Logran rechazar a los ingleses durante tres meses. Gámez, cuando despierta, después de las pastillas, se mira las manos manchadas de sangre y escucha a sus compañeros contar cabezas, de cómo Dios y la Virgen protegieron sus cuerpos y guiaron sus punterías. Le preguntan a cuántos mató y Gámez se encoge de hombros. A los necesarios, dice, haciéndose el valiente y todos ríen, le ofrecen de beber, lo vigilan. Quiso confesarse, contarles que su proveedor de confianza le vendió la droga perfecta, esa que le ayuda a evitar las incomodidades de una guerra mientras sueña, vive una realidad separada, pero no se atreve, teme que se las quiten.

Le arrebatarán a Mariela.

La sombra de las velas son los buques en el horizonte, su luz intermitente son las bombas que caen a unos metros, el olor a sexo es la carne chamuscada de los otros. Despierta, otro triunfo, más anécdotas. Sus compañeros ignoran que la guerra durará seis años más y que harán casa en Veracruz para protegerla porque ni los ingleses ni los gringos y, más tarde, ni los rusos la dejarán en paz.

Gámez sirve un año en Veracruz.

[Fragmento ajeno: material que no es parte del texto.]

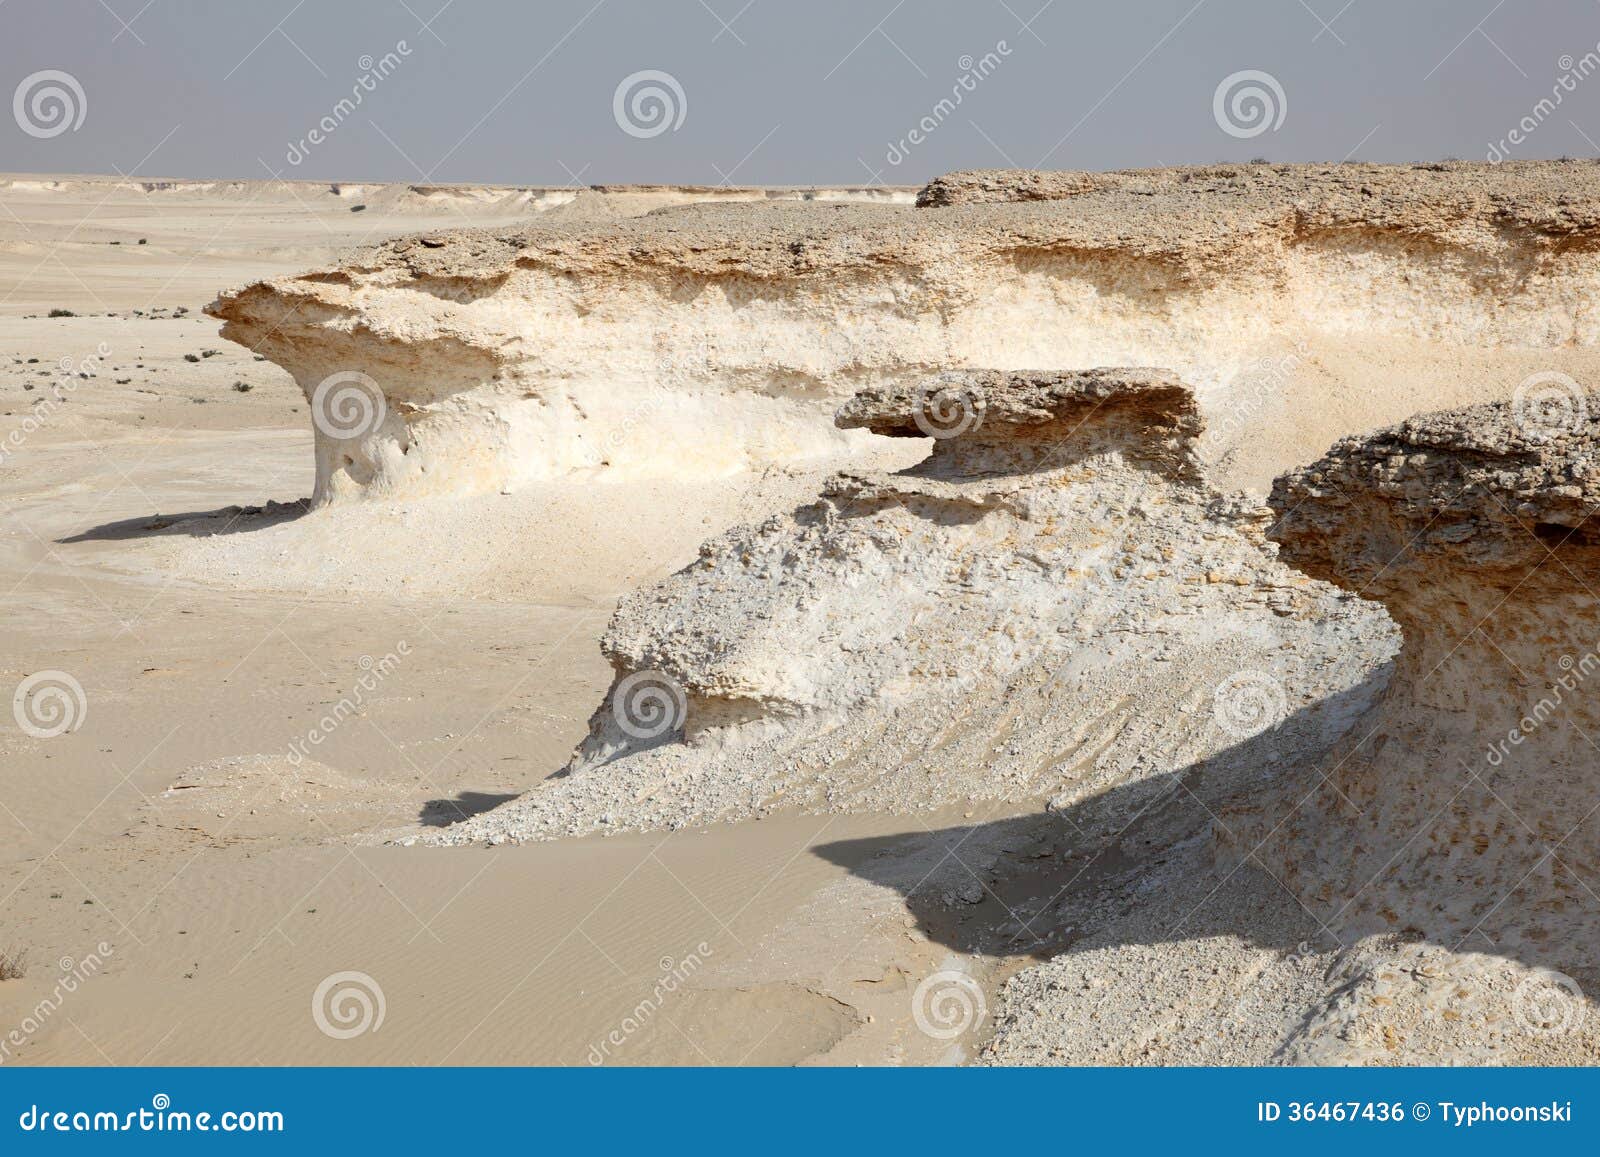 desert landscape Middle East Desert Landscapes | 1300 x 957

Un año de pastillas, de confusos despertares, de dolores y cicatrices nuevas, de condecoraciones accidentales por haber matado a unos y salvado a otros. Ya lo tiene bien medido: toma una pastilla antes de un ataque y que su cuerpo se encargue mientras él vive en otra parte, otro tiempo, con una mujer hermosa y complaciente. Se acaba el efecto, en medio del deseo y de la lujuria, el cuerpo sudoroso, las manos manchadas de tierra y el rifle caliente entre sus manos. Sus compañeros le sonríen, le aprietan el hombro, le temen. Su cuchillo tiene sangre nueva, sus municiones son menos. ¿A cuántos habrá matado?

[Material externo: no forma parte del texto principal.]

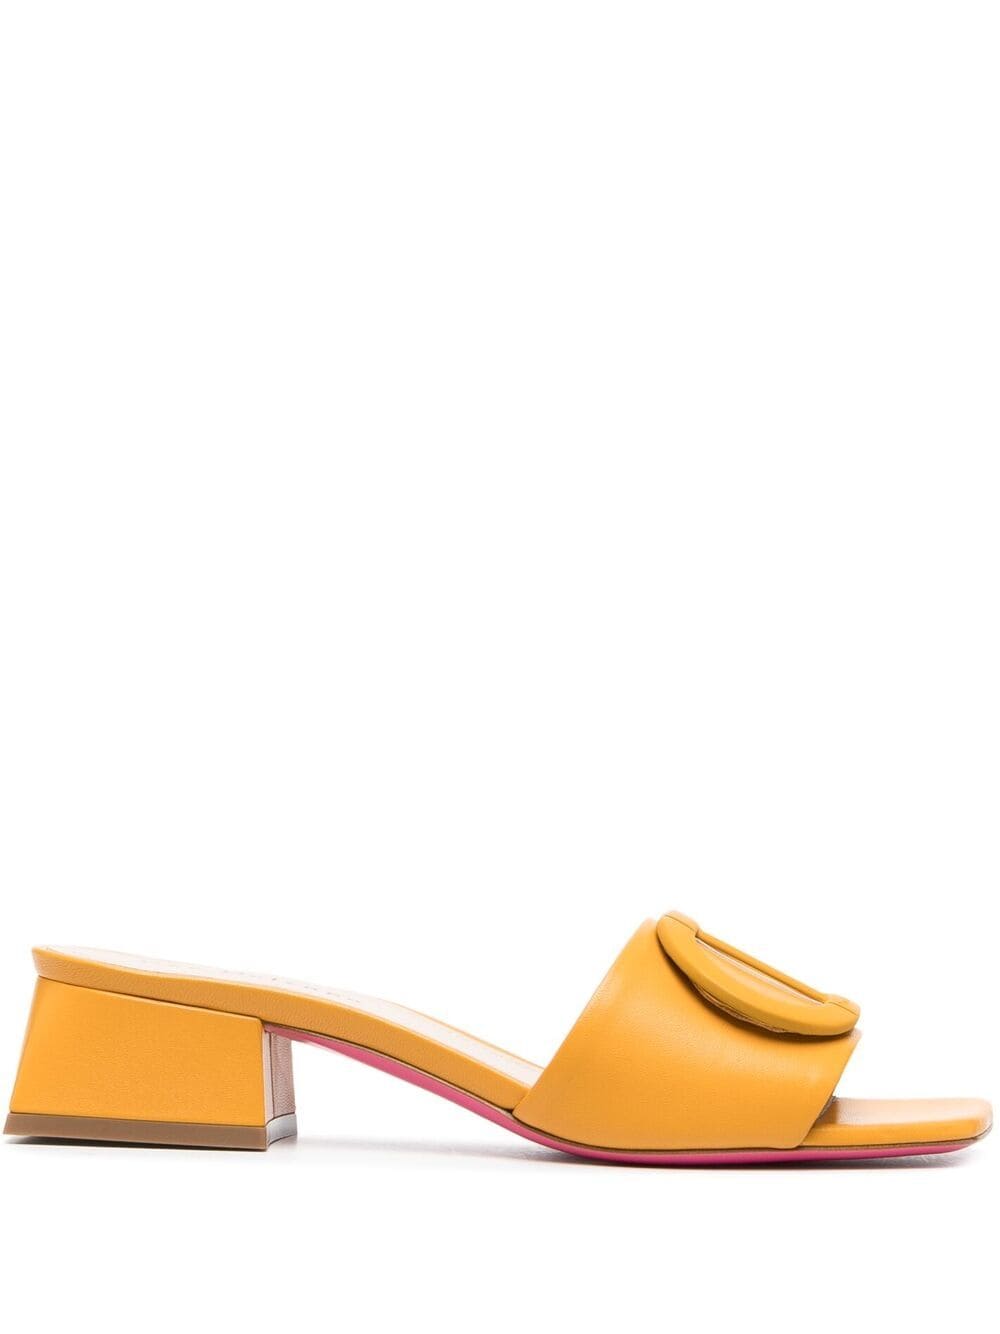 Dee Ocleppo Dee Dizzy Sandals In Yellow

Al principio es consciente de la falsedad de los recuerdos hasta que un día se sorprende, en medio de un descanso, hablando de Mariela, la mujer de su vida. Algo tiene que contar, algo tiene que decirles para que lo vean como un hombre. Narra su propia lucha, la única que conoce. Habla del cabello rizado, del arete en los labios y de los senos voluptuosos. Hablarlo, misteriosamente, lo transforma en otra cosa, en algo… palpable.

Con los días y gracias a los ánimos de unos camaradas que apenas conoce, rechaza la posibilidad de la mentira y sigue contándoles de la mujer. De todos modos las nanomáquinas y los químicos grabaron los recuerdos como si fueran suyos. Es muy difícil dudar, y aunque puede hacerlo, no se atreve. Cuenta de la memoria de aquel cuerpo fácil, tibio y trémulo en sus manos. Cuenta cómo sus dedos desenredan un cabello interminable y casi insoportable. Ellos le creen. Puede ver en sus ojos cómo la desean. Ella es real. Sus manos se crispan cuando piensa en Mariela.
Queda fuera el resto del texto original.